■ **TASK TO COMPLETE**
Reproduce the listing below as it stands. Leave out each image.

■ **INFORMATION SHOWN**
########

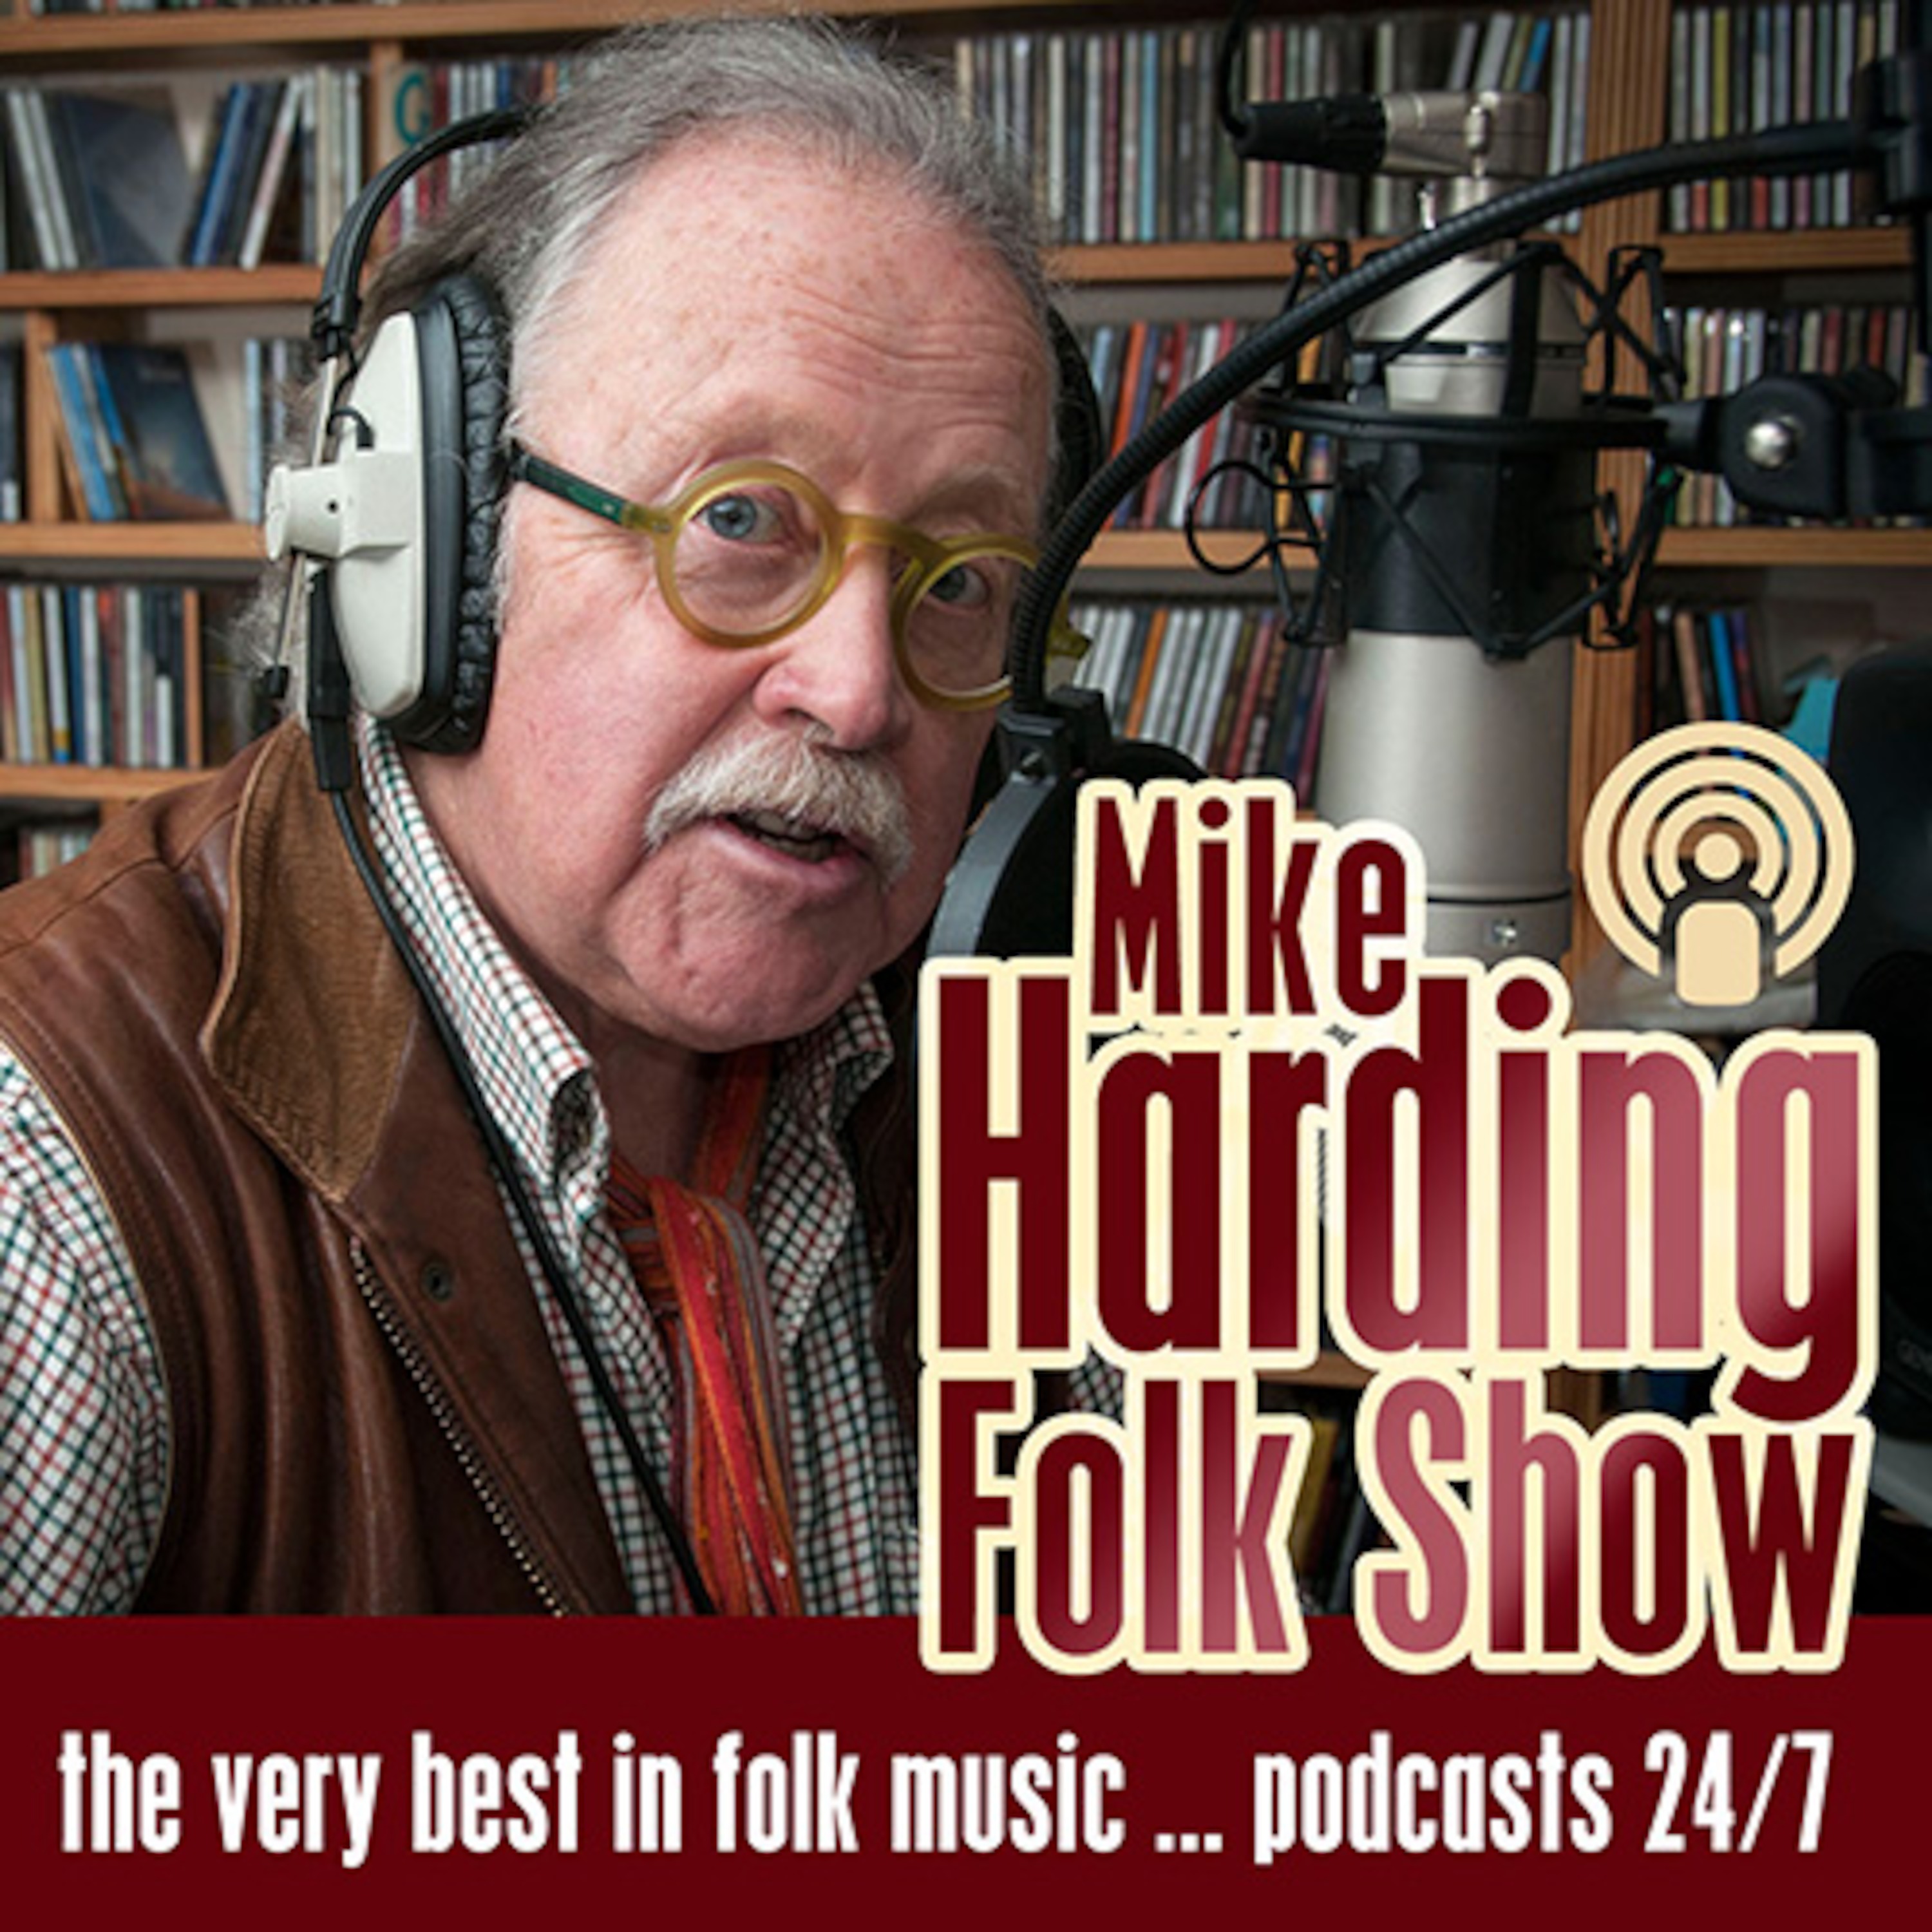 Mike Harding Folk Show 19
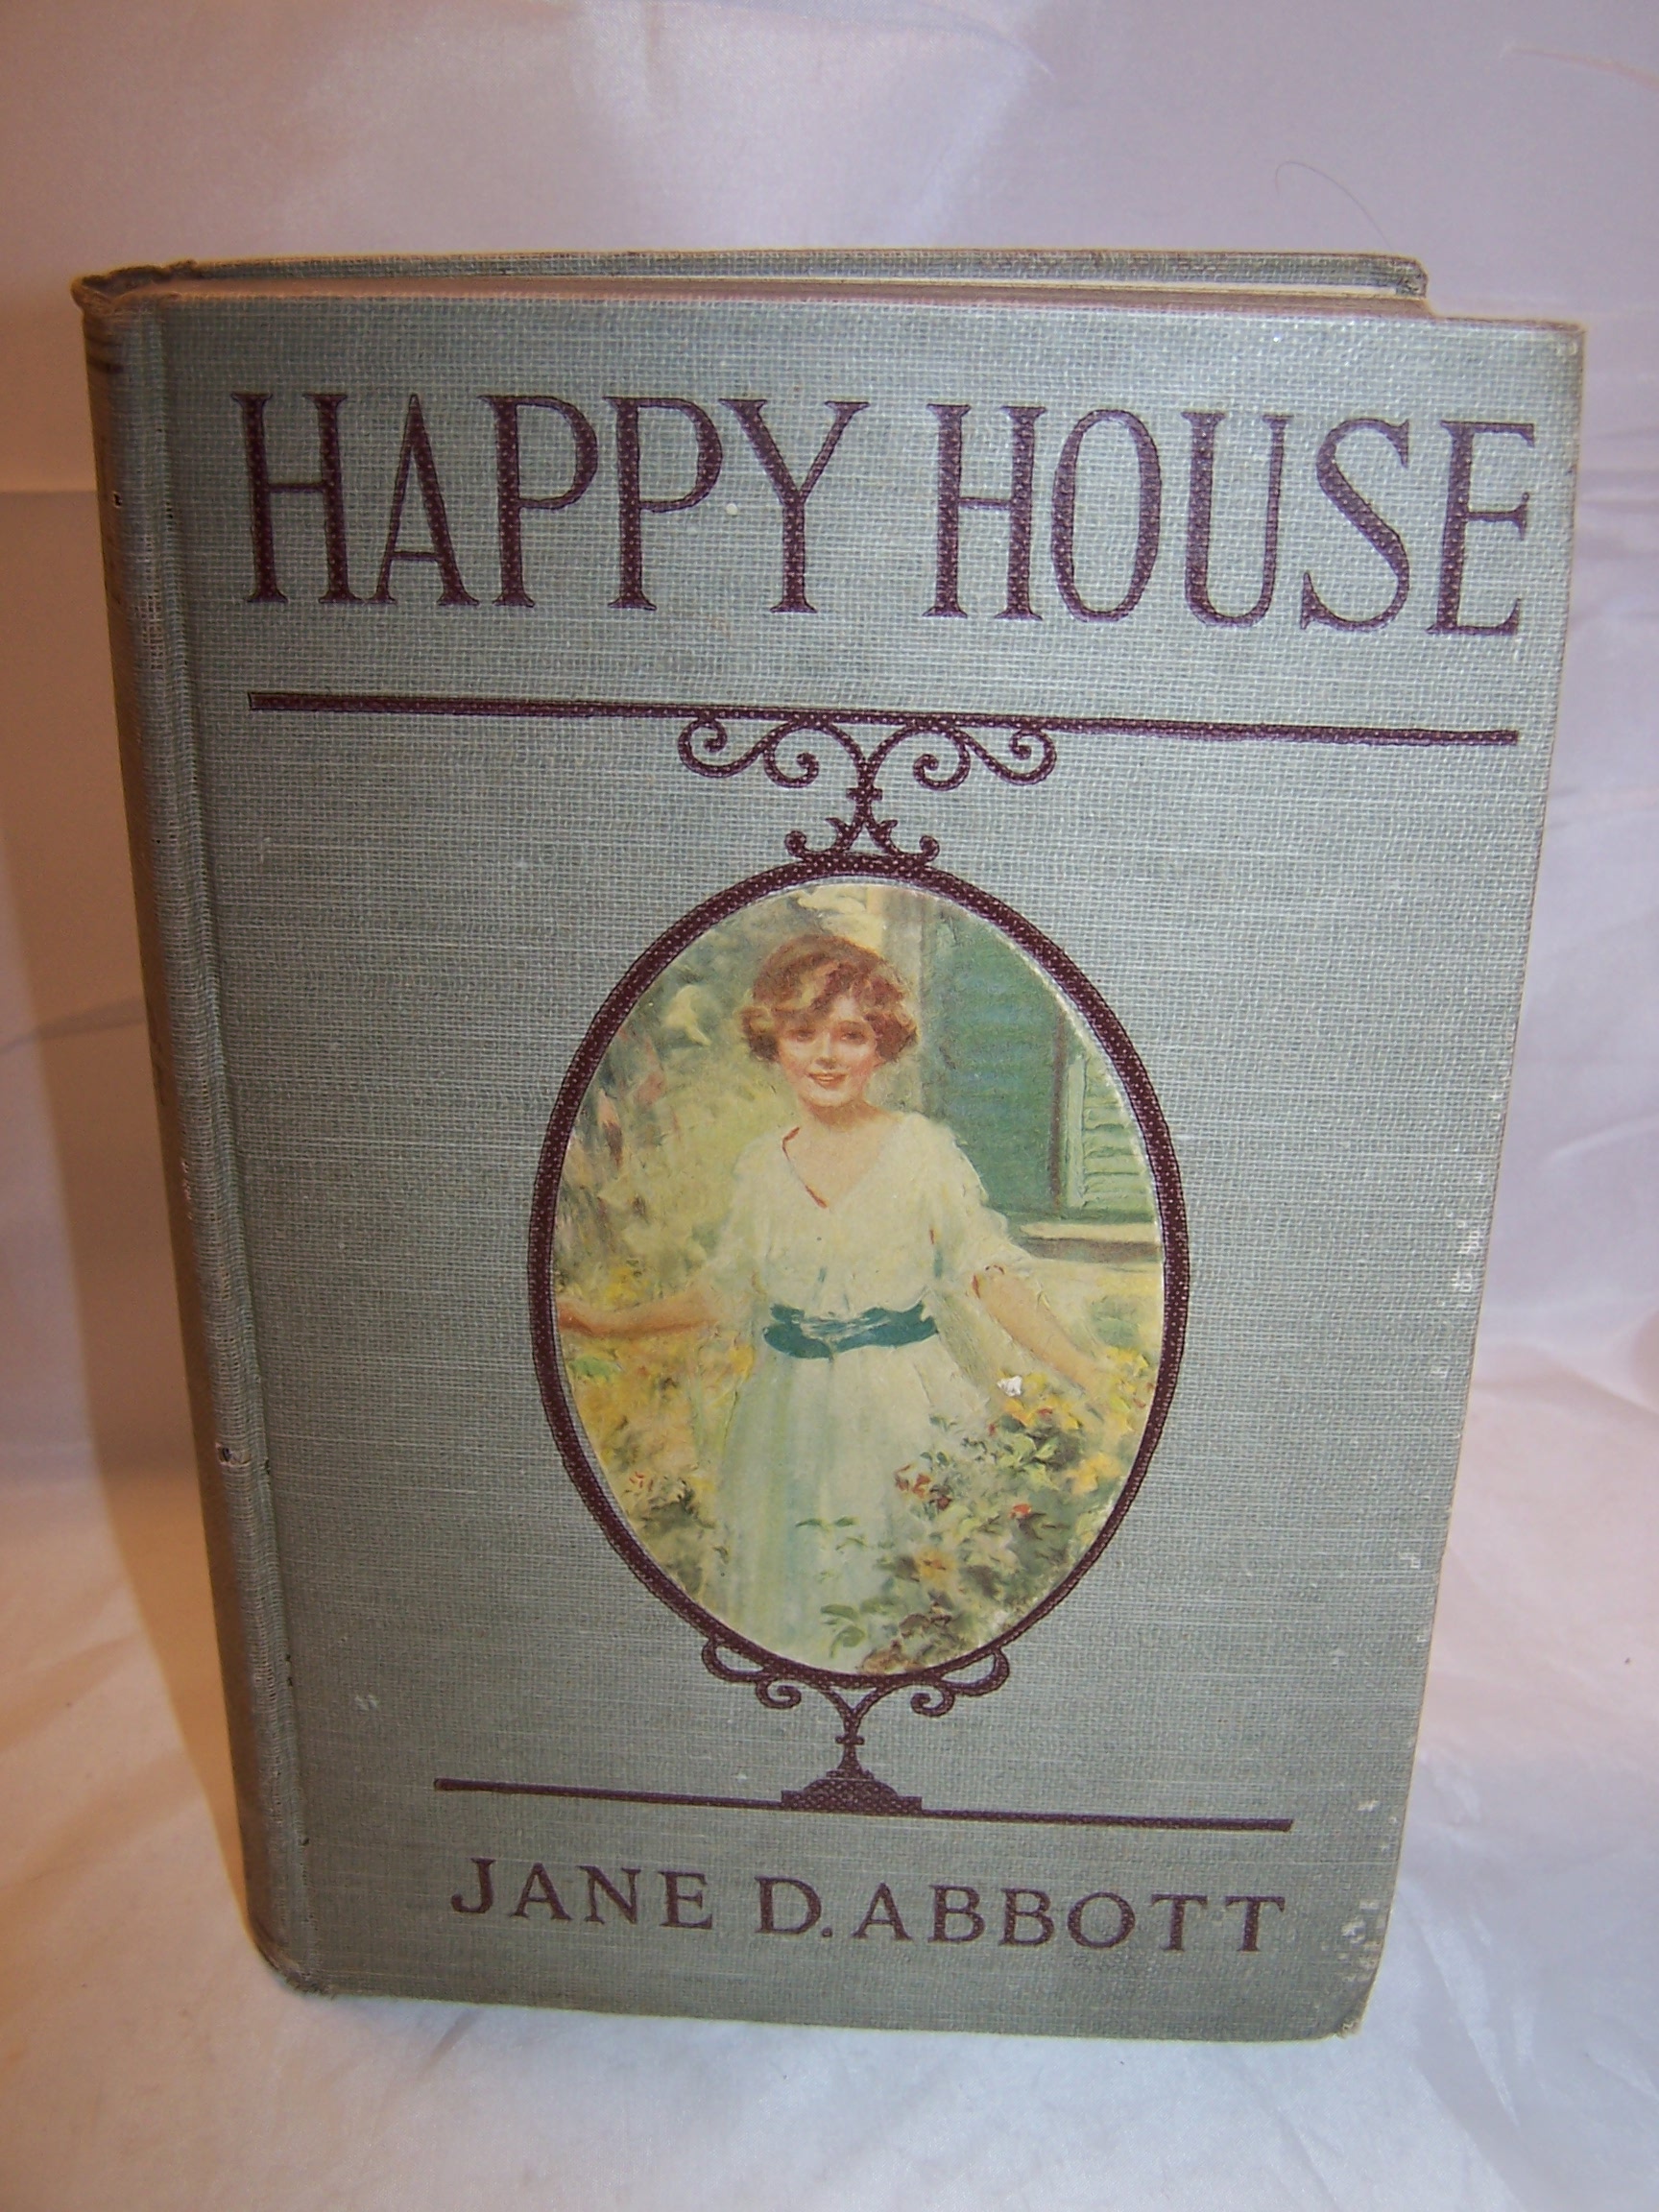 Happy House, Jane D. Abbott
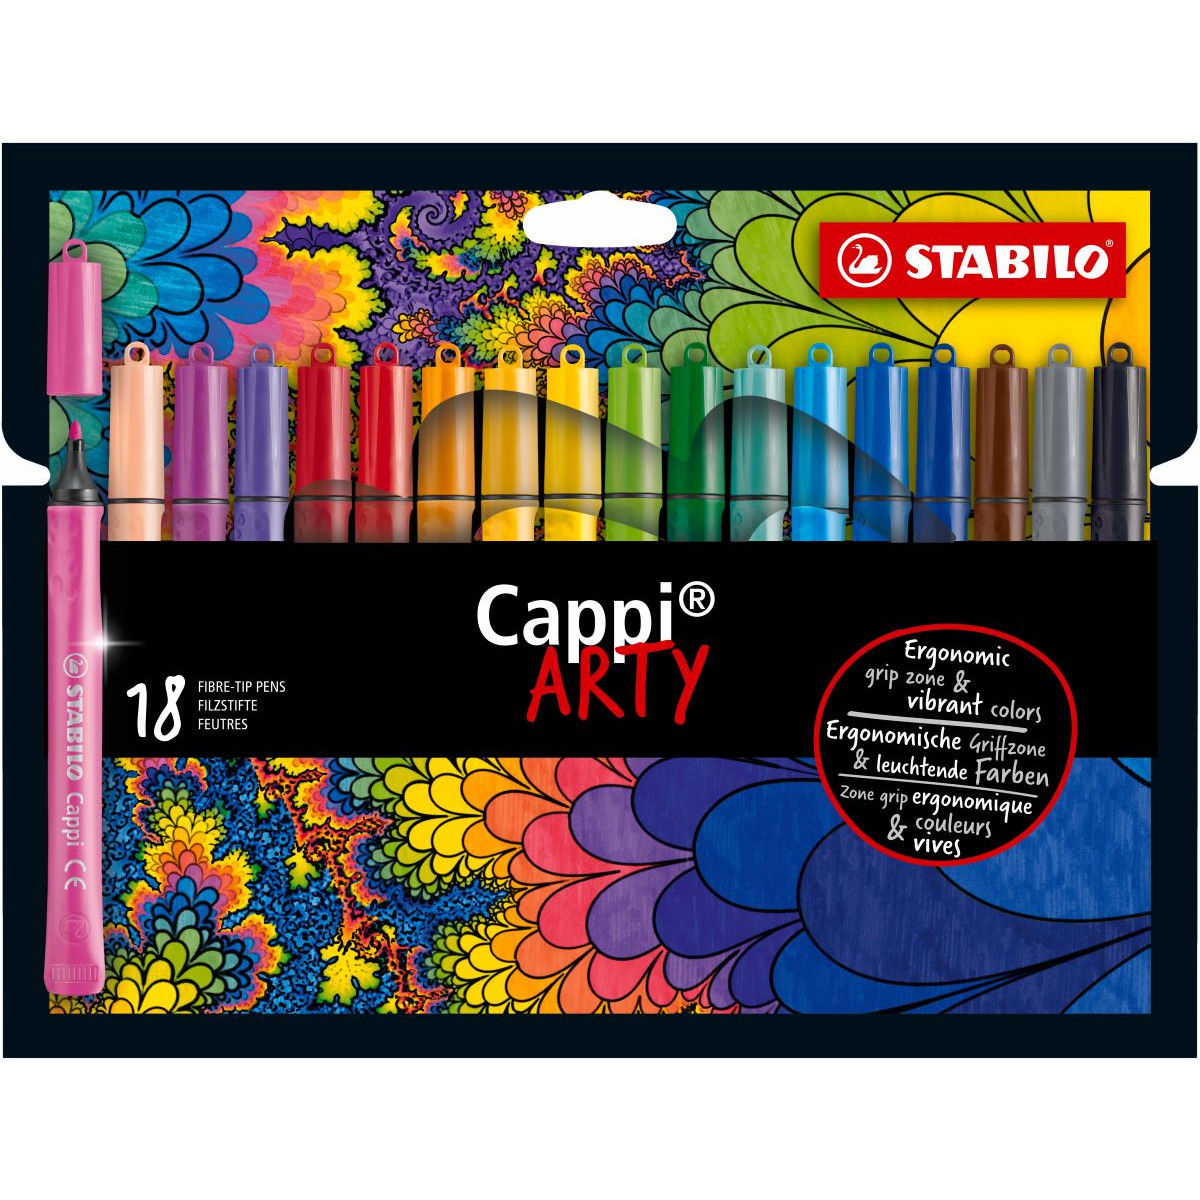 felt-tip pen STABILO power max - pack of 12 colors

########

■ **OUTPUT FOR THIS TASK**
 Mike Harding Folk Show 19
 Happy House, Jane D. Abbott
 felt-tip pen STABILO power max - pack of 12 colors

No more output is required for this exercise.